The latest inflation report from the US “sealed the deal” for the Fed to skip an interest rate raise when it concludes a two-day meeting on Wednesday, Mr Moya said.

The US consumer price index slowed to an annual 4 per cent in May, from 4.9 per cent in April, the lowest level since March 2021. Meanwhile, core inflation, which excludes food and energy, softened to 5.3 per cent, from 5.5 per cent.

Higher interest rates could slow the global economy and dampen crude demand. The Fed raised interest rates by a combined 500 basis points since it started increasing rates in March 2022.

It is widely expected to hold off on further increases to assess the effects of its monetary tightening on the economy.

“The disinflation process remains intact and that could mean the dollar’s days are numbered, which would provide some support for oil prices,” Mr Moya said.

The US Dollar Index – a measure of the value of the greenback against a weighted basket of major currencies – has fallen by about 1 per cent over the past week.

Futures also gained on a Bloomberg report that said the US plans to buy about 12 million barrels of oil this year as it begins to refill its emergency crude stockpile.

The figure includes 3 million barrels already scheduled for delivery in August and an additional 3 million barrels from a solicitation, Bloomberg reported, citing sources.

Meanwhile, US crude stocks, an indicator of fuel demand, rose by a million barrels last week, along with increases in petrol and distillate inventories, according to the American Petroleum Institute.

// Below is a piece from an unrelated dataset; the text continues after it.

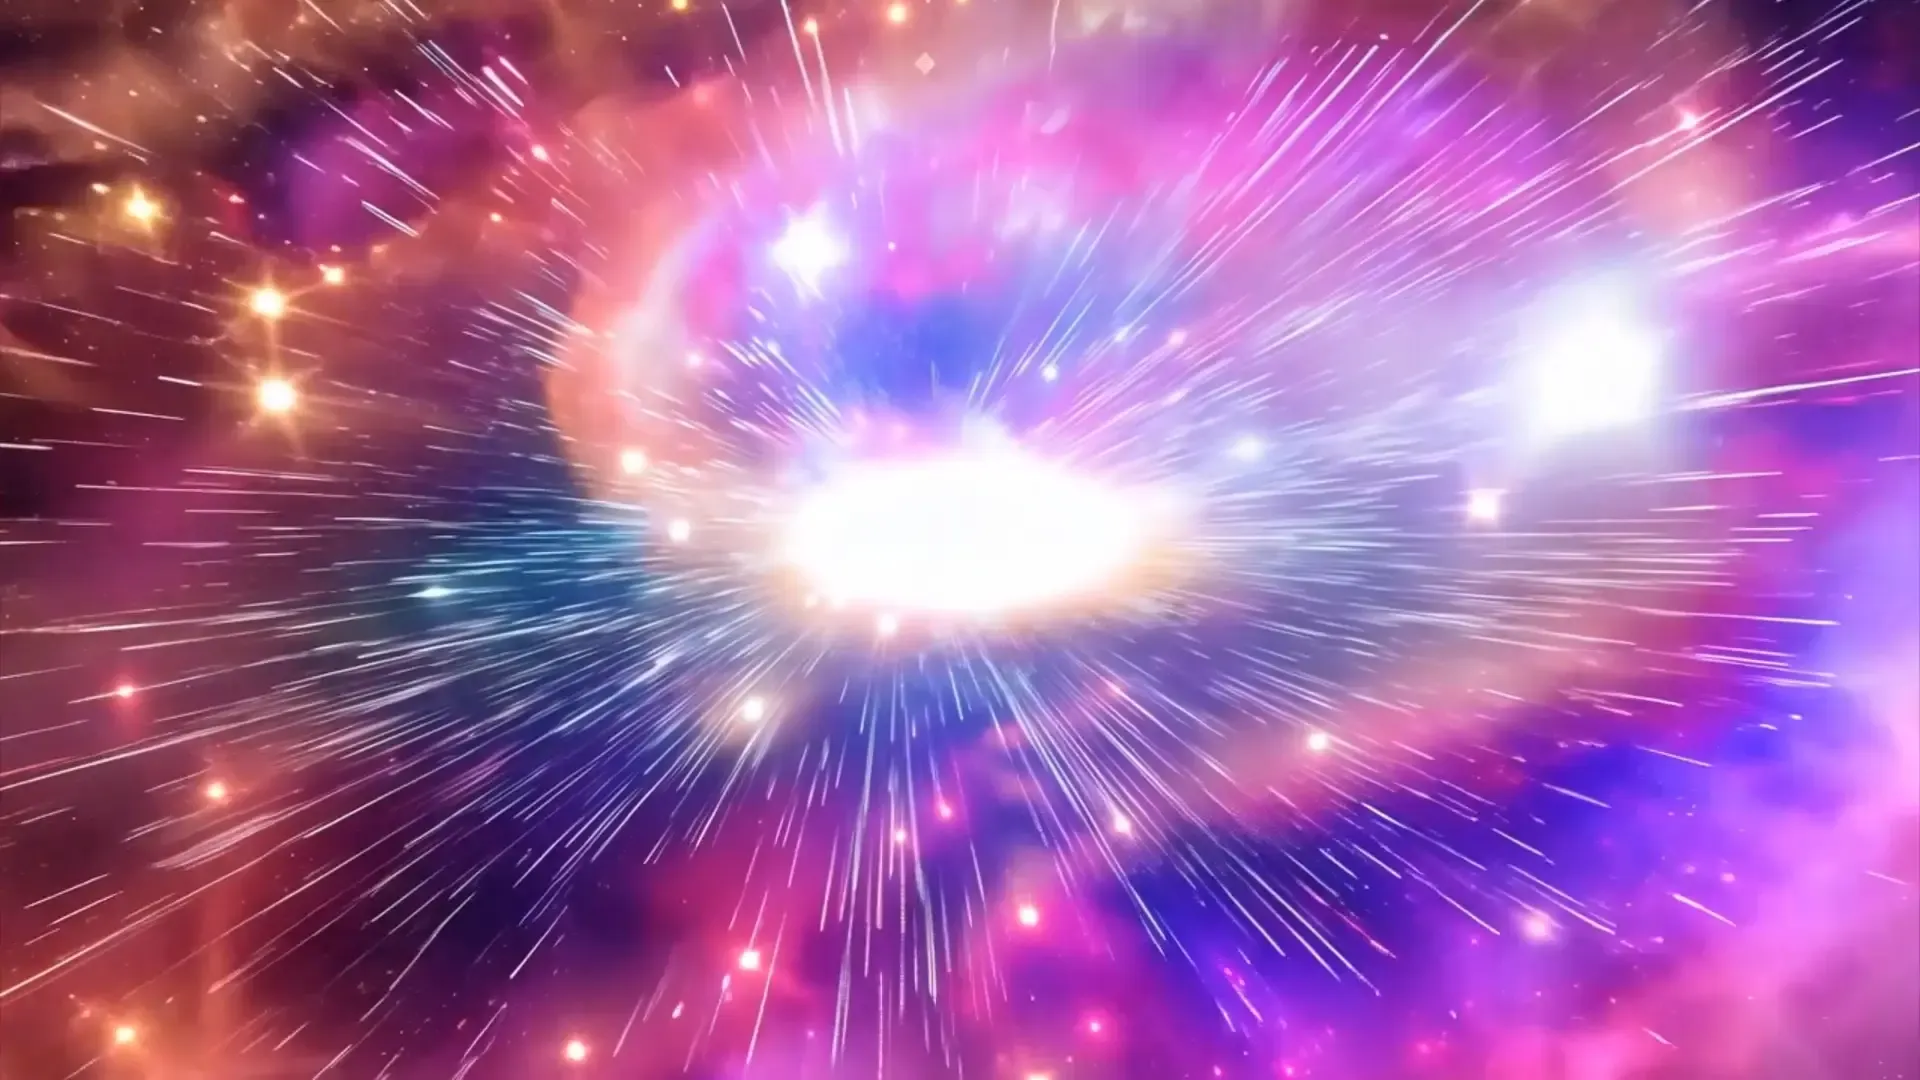 Galactic Burst Overlay with Cosmic Radiance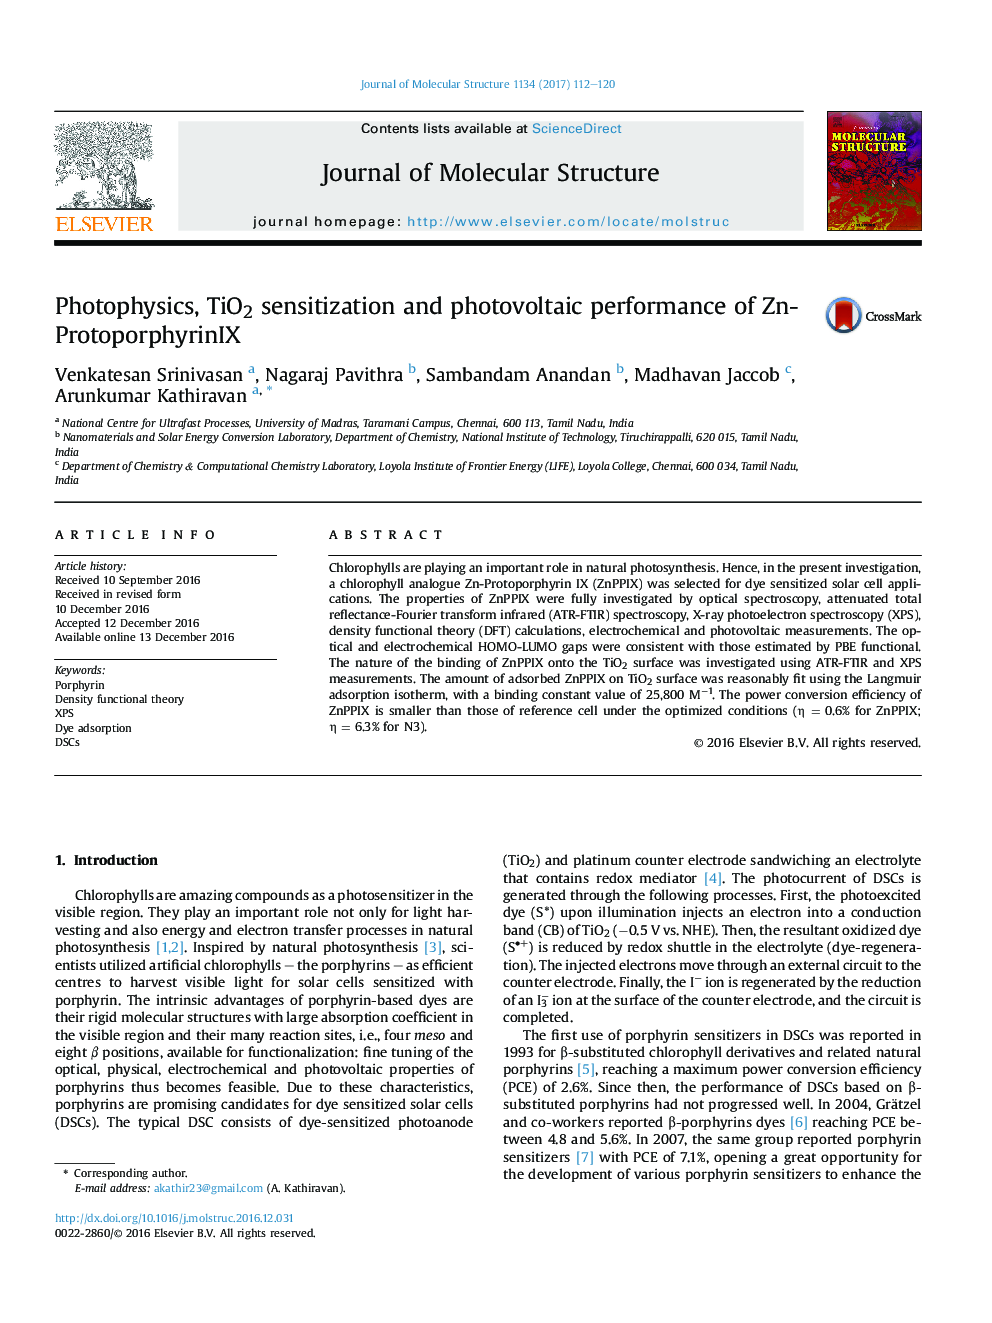 Photophysics, TiO2 sensitization and photovoltaic performance of Zn-ProtoporphyrinIX

Opec has again raised its 2023 oil demand growth forecast for top crude importer China and said the recent economic slowdown in the country may persist until the middle of the year.

In its monthly market report, the group maintained its global oil demand growth forecast of 2.3 million barrels per day for this year.

“As it seems, China's growth momentum has decelerated in recent months following a robust initial rebound,” Opec said.

“China's post-reopening recovery is forecast to continue. Despite the recent slowdown in activities … key growth drivers could accelerate China's recovery in the second half of the year and beyond.”

A recovery in Asia's crude demand and Opec+ production cuts are expected to tighten crude supply in the second half of the year.